| Exercise aim |
Output, exactly as written, the lines below from the one that has "14. Hopper - Sri" through the one that has "280 HALLUX VALGUS"; nothing else, and no pictures.

START Information shown

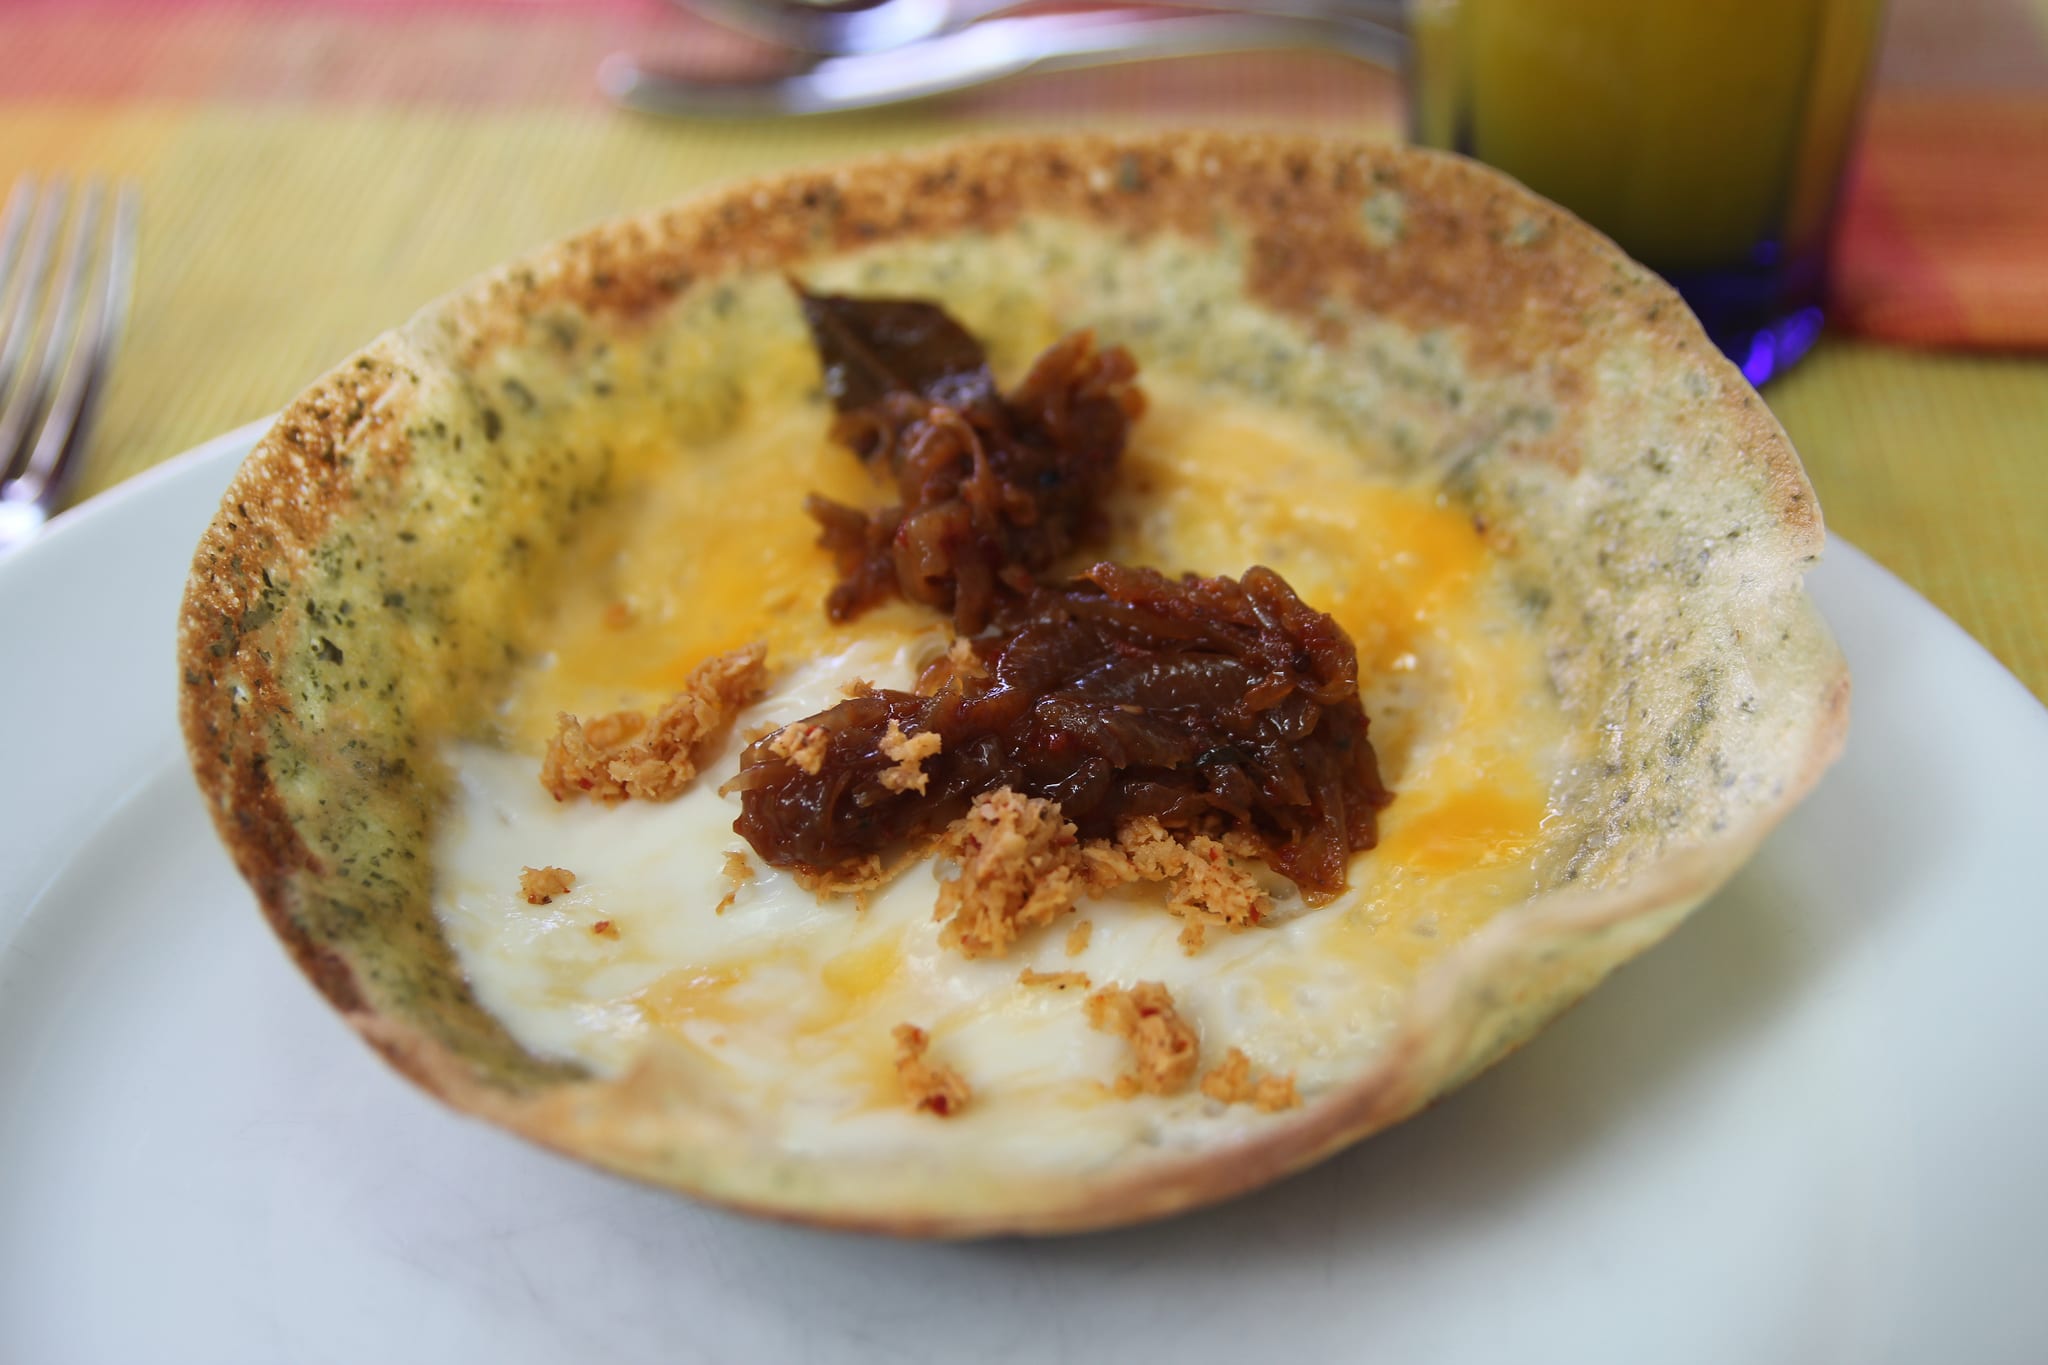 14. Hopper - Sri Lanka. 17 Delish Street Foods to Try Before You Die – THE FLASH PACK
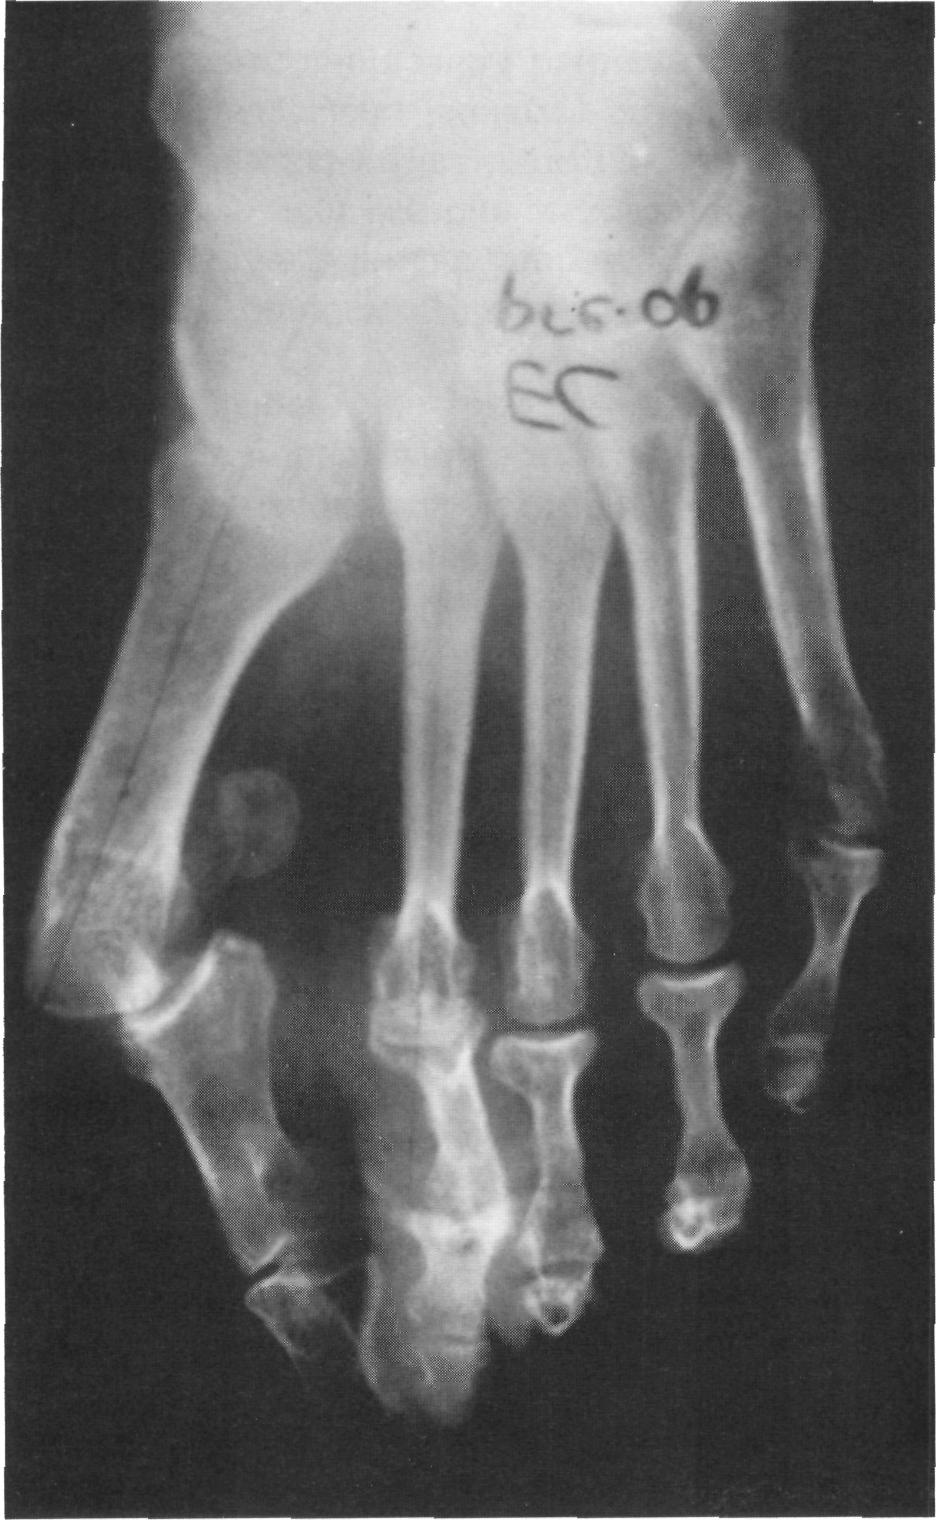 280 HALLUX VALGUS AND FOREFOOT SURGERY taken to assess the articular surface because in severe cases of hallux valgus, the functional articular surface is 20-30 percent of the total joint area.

END Information shown
START Information shown

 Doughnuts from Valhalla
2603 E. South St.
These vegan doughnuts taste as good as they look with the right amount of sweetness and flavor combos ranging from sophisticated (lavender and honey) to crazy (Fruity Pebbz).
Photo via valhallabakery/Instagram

END Information shown

| Answer space |
 14. Hopper - Sri Lanka. 17 Delish Street Foods to Try Before You Die – THE FLASH PACK
 280 HALLUX VALGUS AND FOREFOOT SURGERY taken to assess the articular surface because in severe cases of hallux valgus, the functional articular surface is 20-30 percent of the total joint area.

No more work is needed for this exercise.